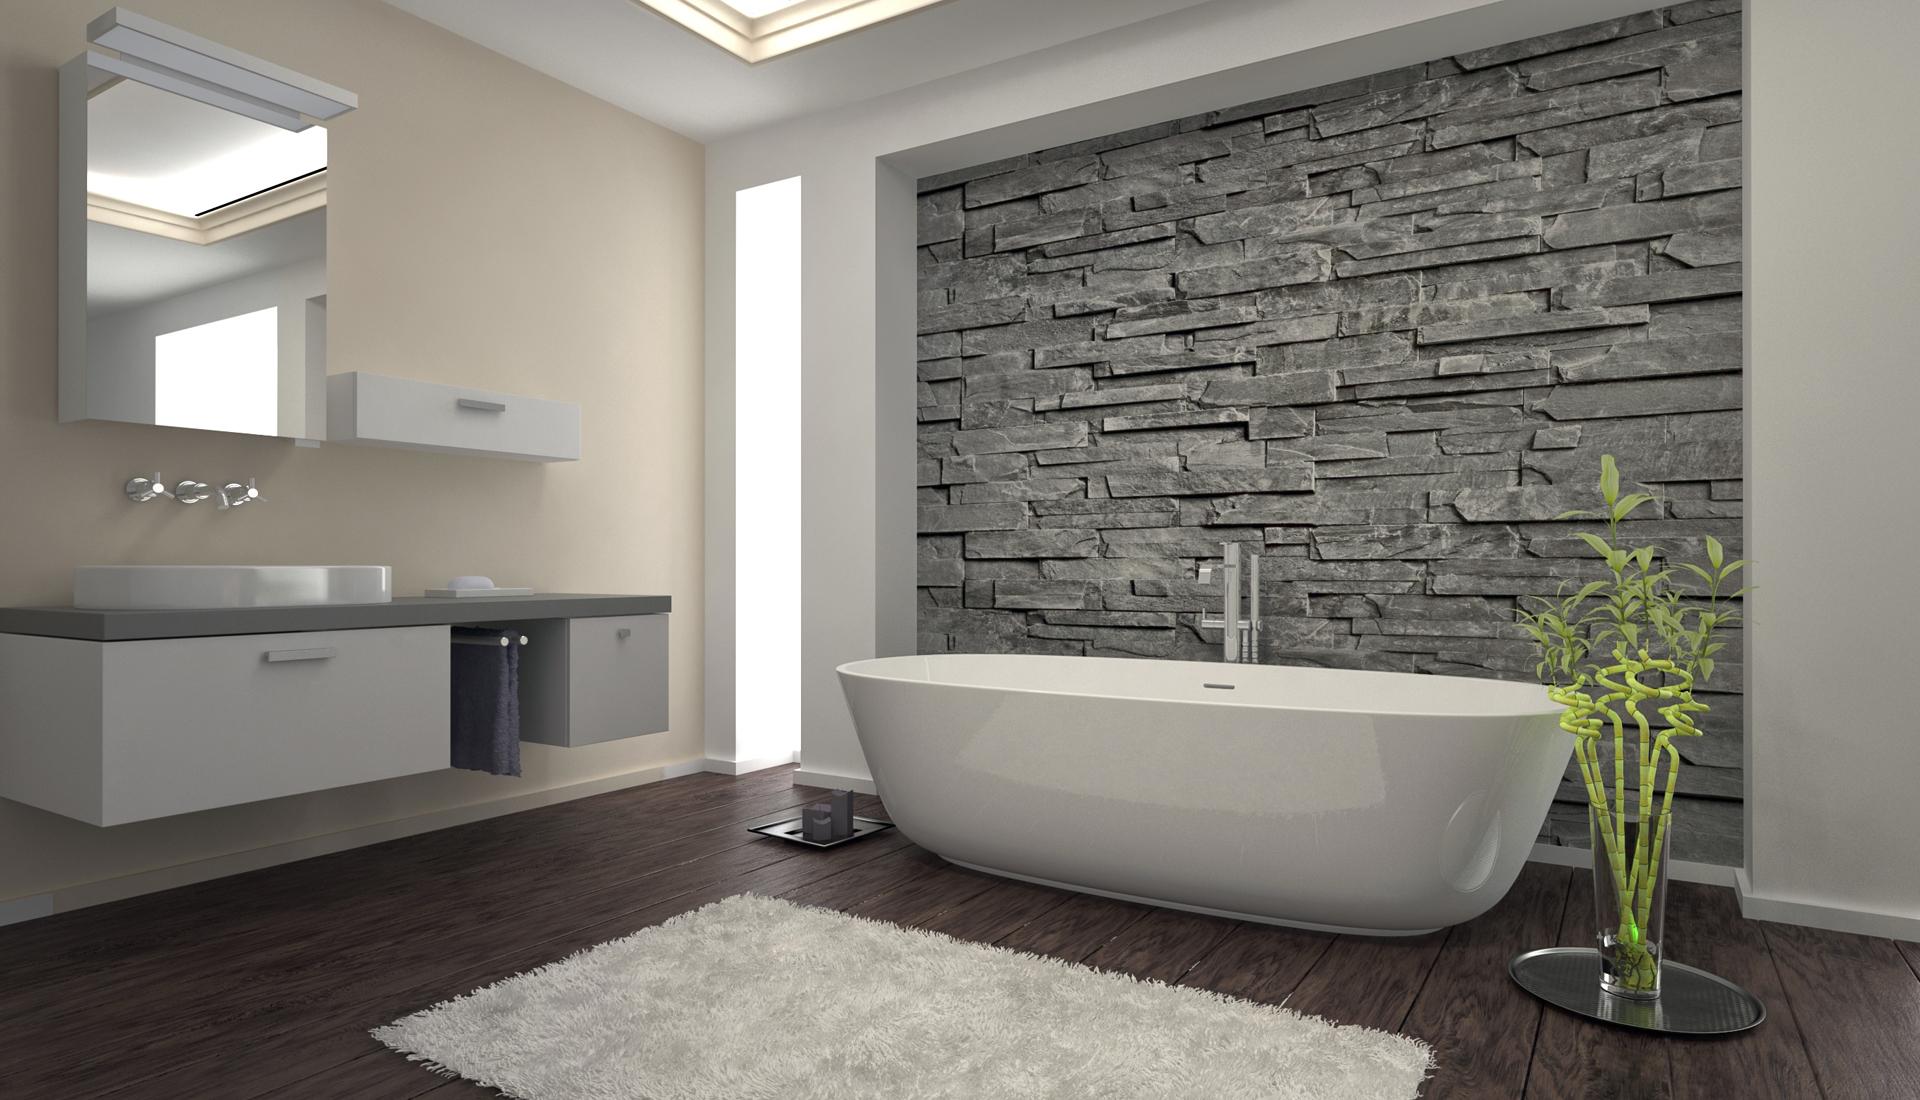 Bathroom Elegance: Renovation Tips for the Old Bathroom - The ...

...

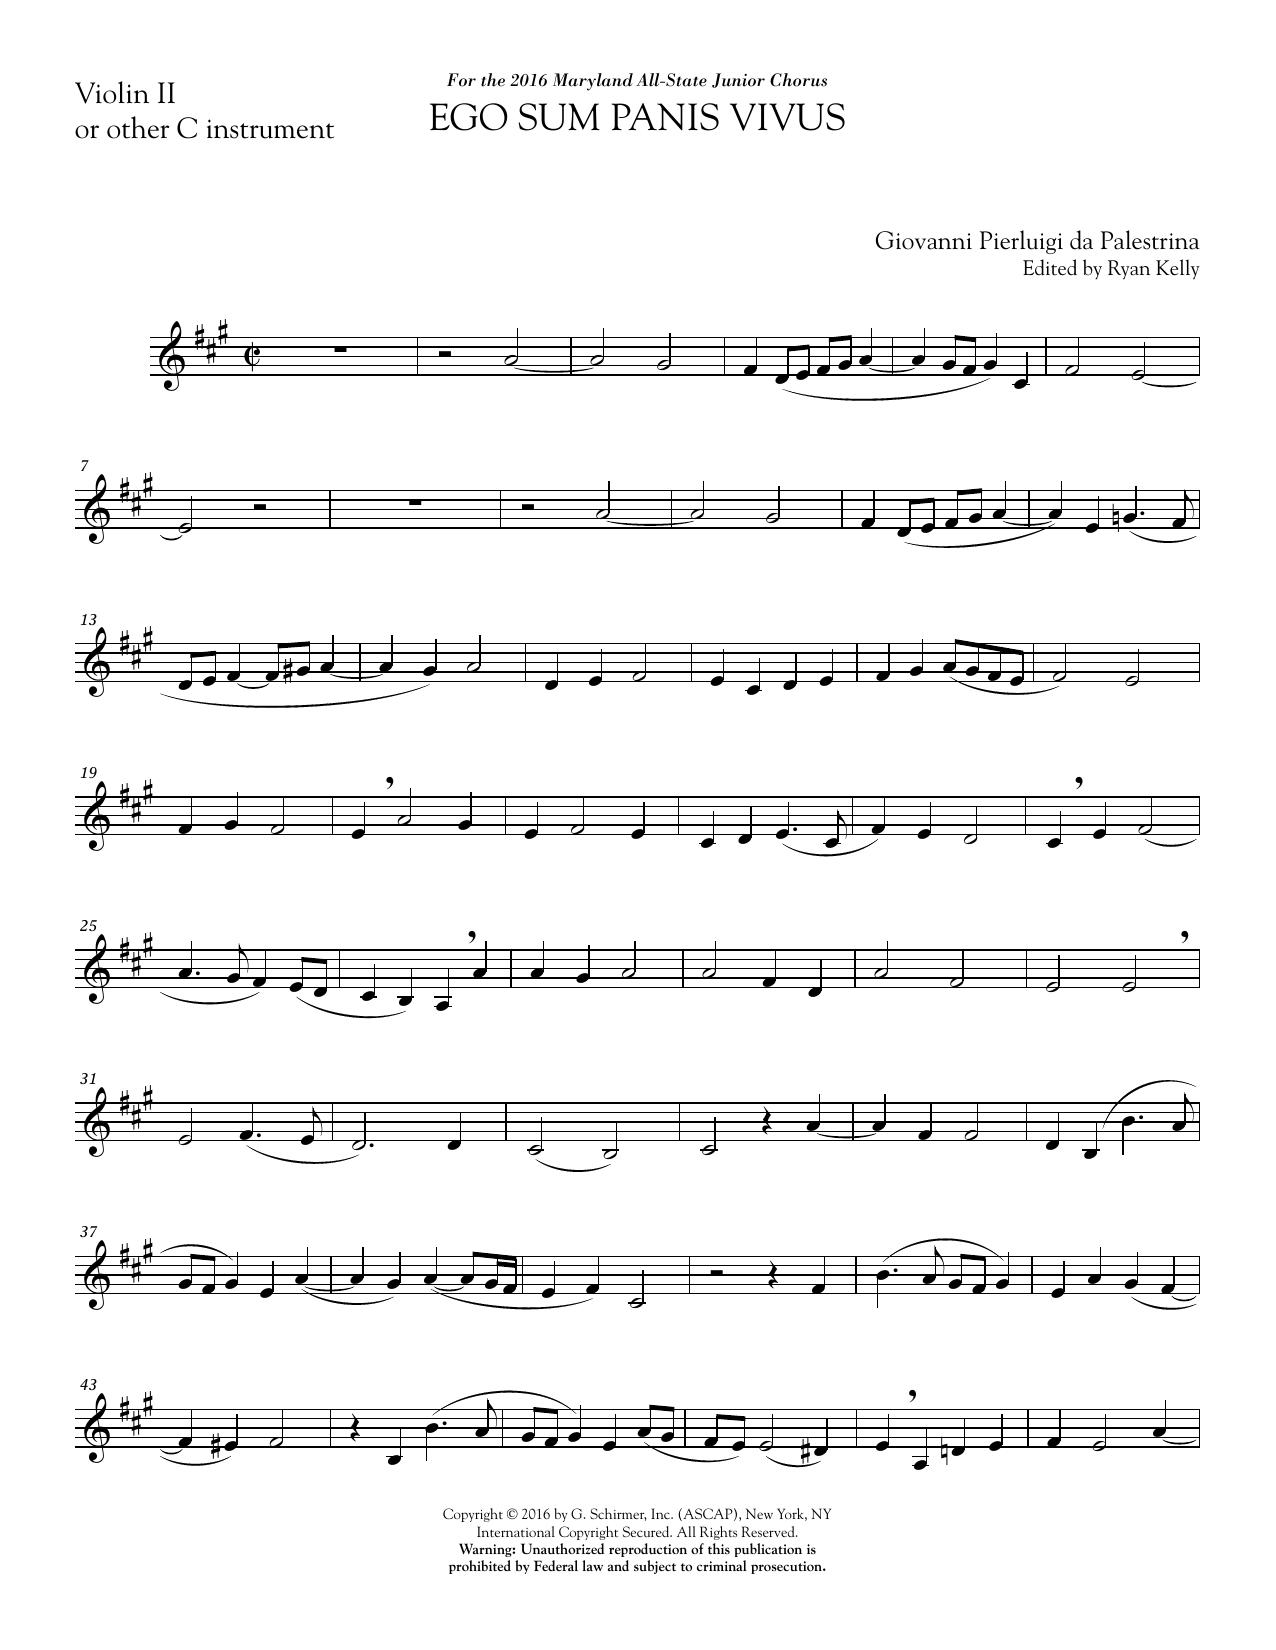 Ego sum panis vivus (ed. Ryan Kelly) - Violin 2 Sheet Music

* * *

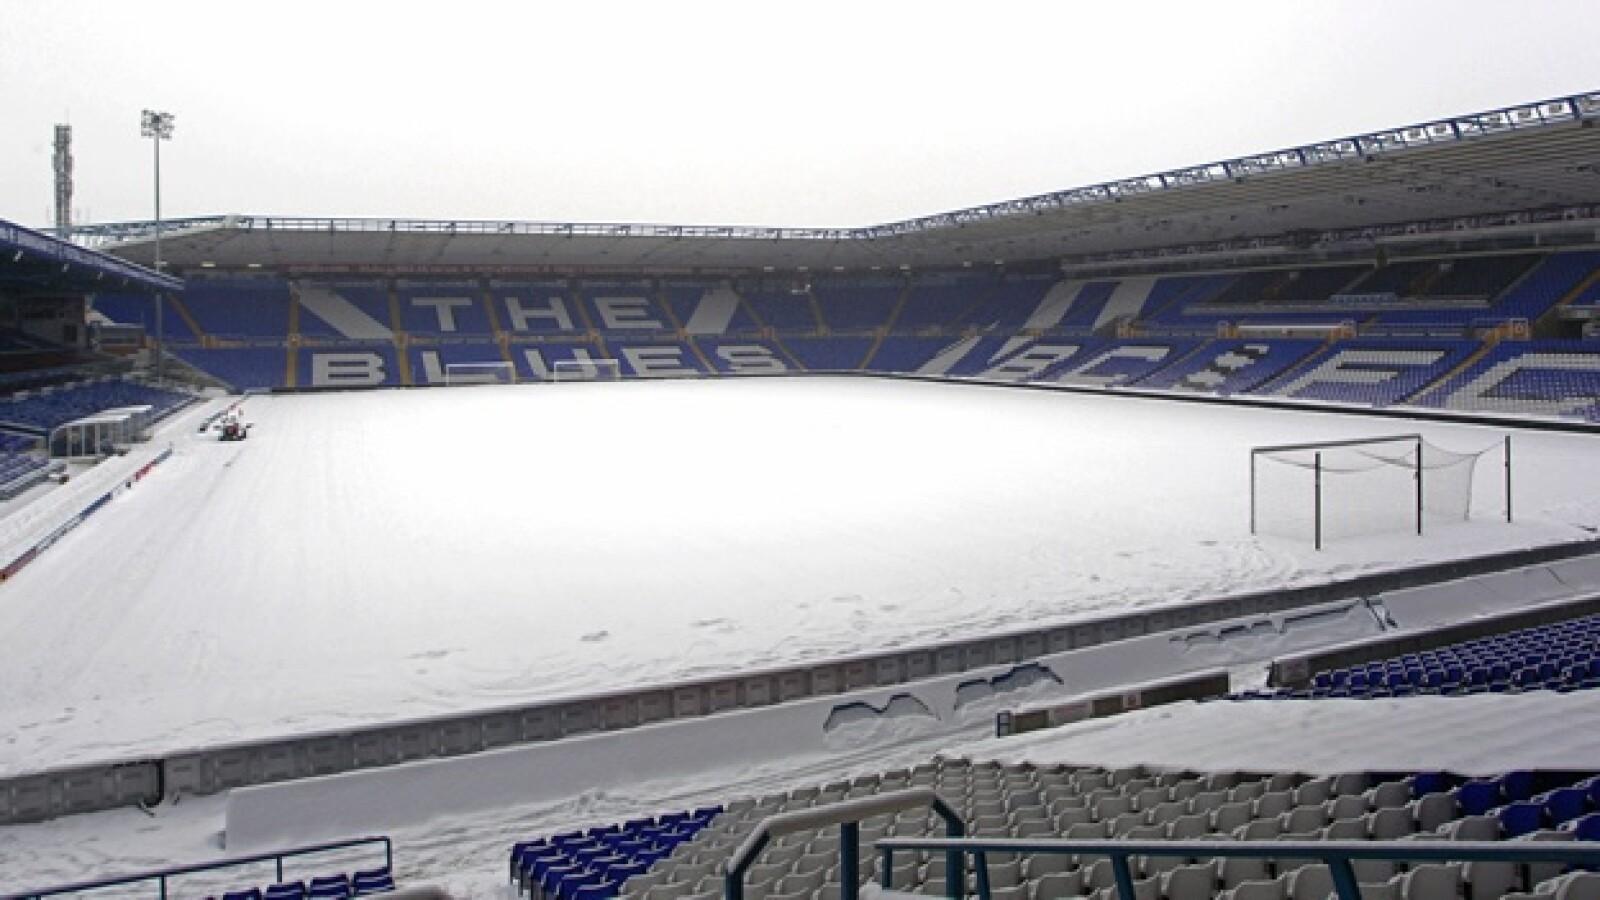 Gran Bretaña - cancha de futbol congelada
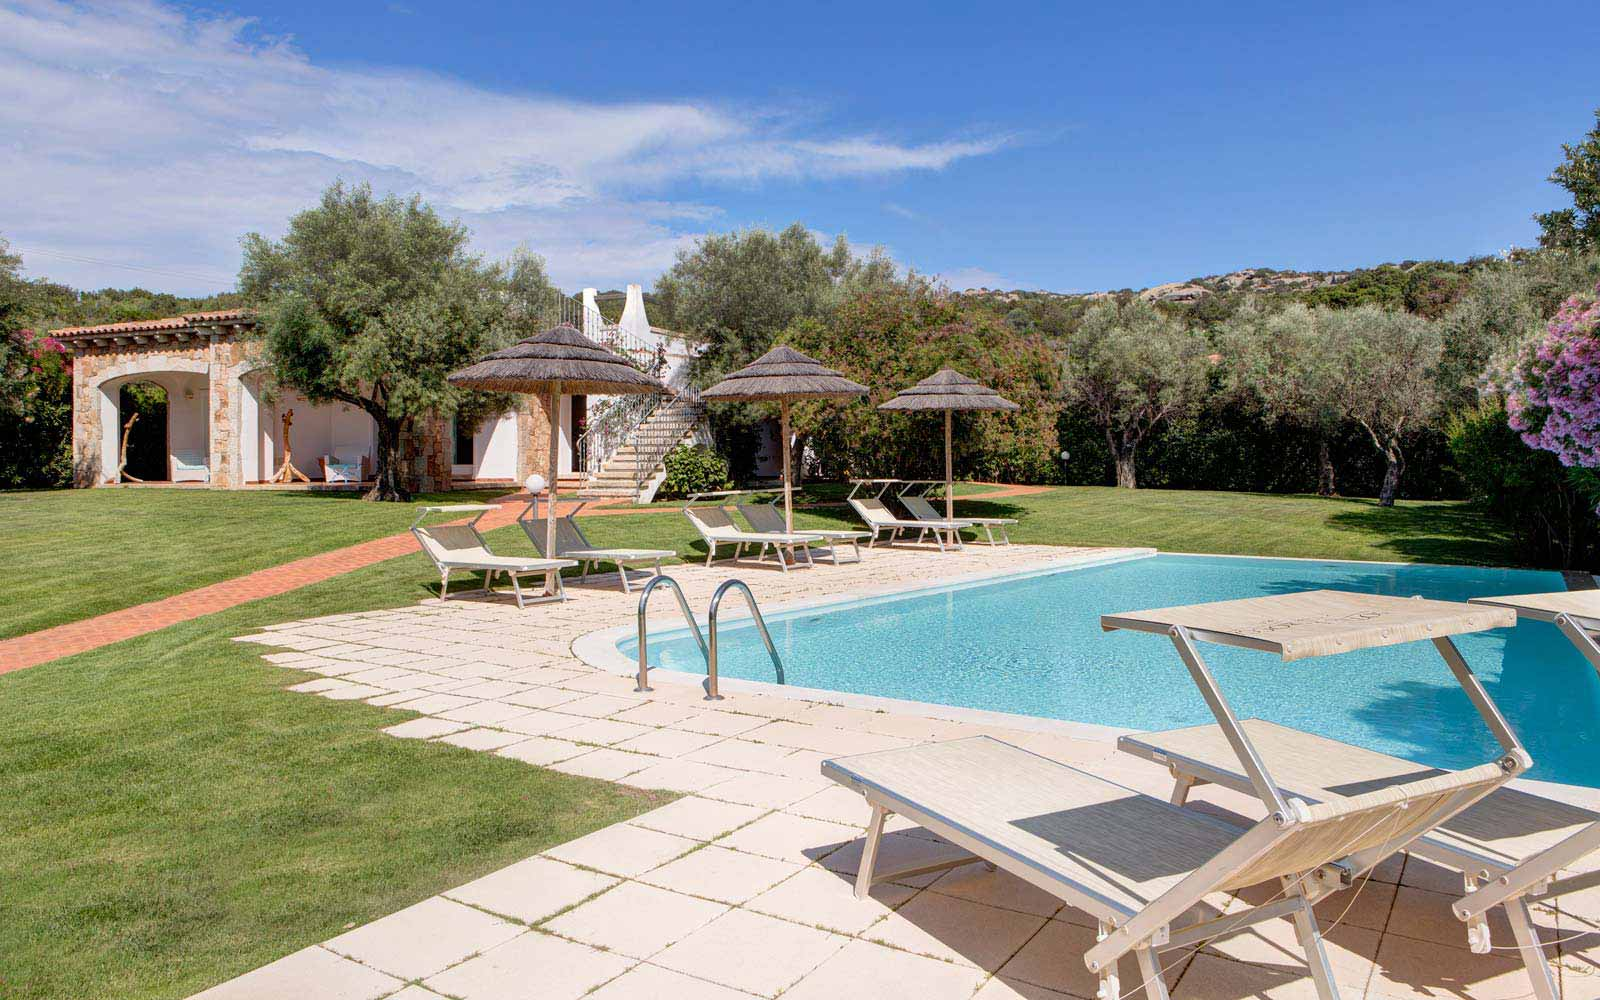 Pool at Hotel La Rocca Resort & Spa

Exercise details
Once the line with "Gran Bretaña - cancha de futbol congelada" has been found above, output that line and every later line exactly, stopping after the line with "Pool at Hotel La Rocca Resort & Spa", and omit the pictures.

Output of the exercise
 Gran Bretaña - cancha de futbol congelada
 Pool at Hotel La Rocca Resort & Spa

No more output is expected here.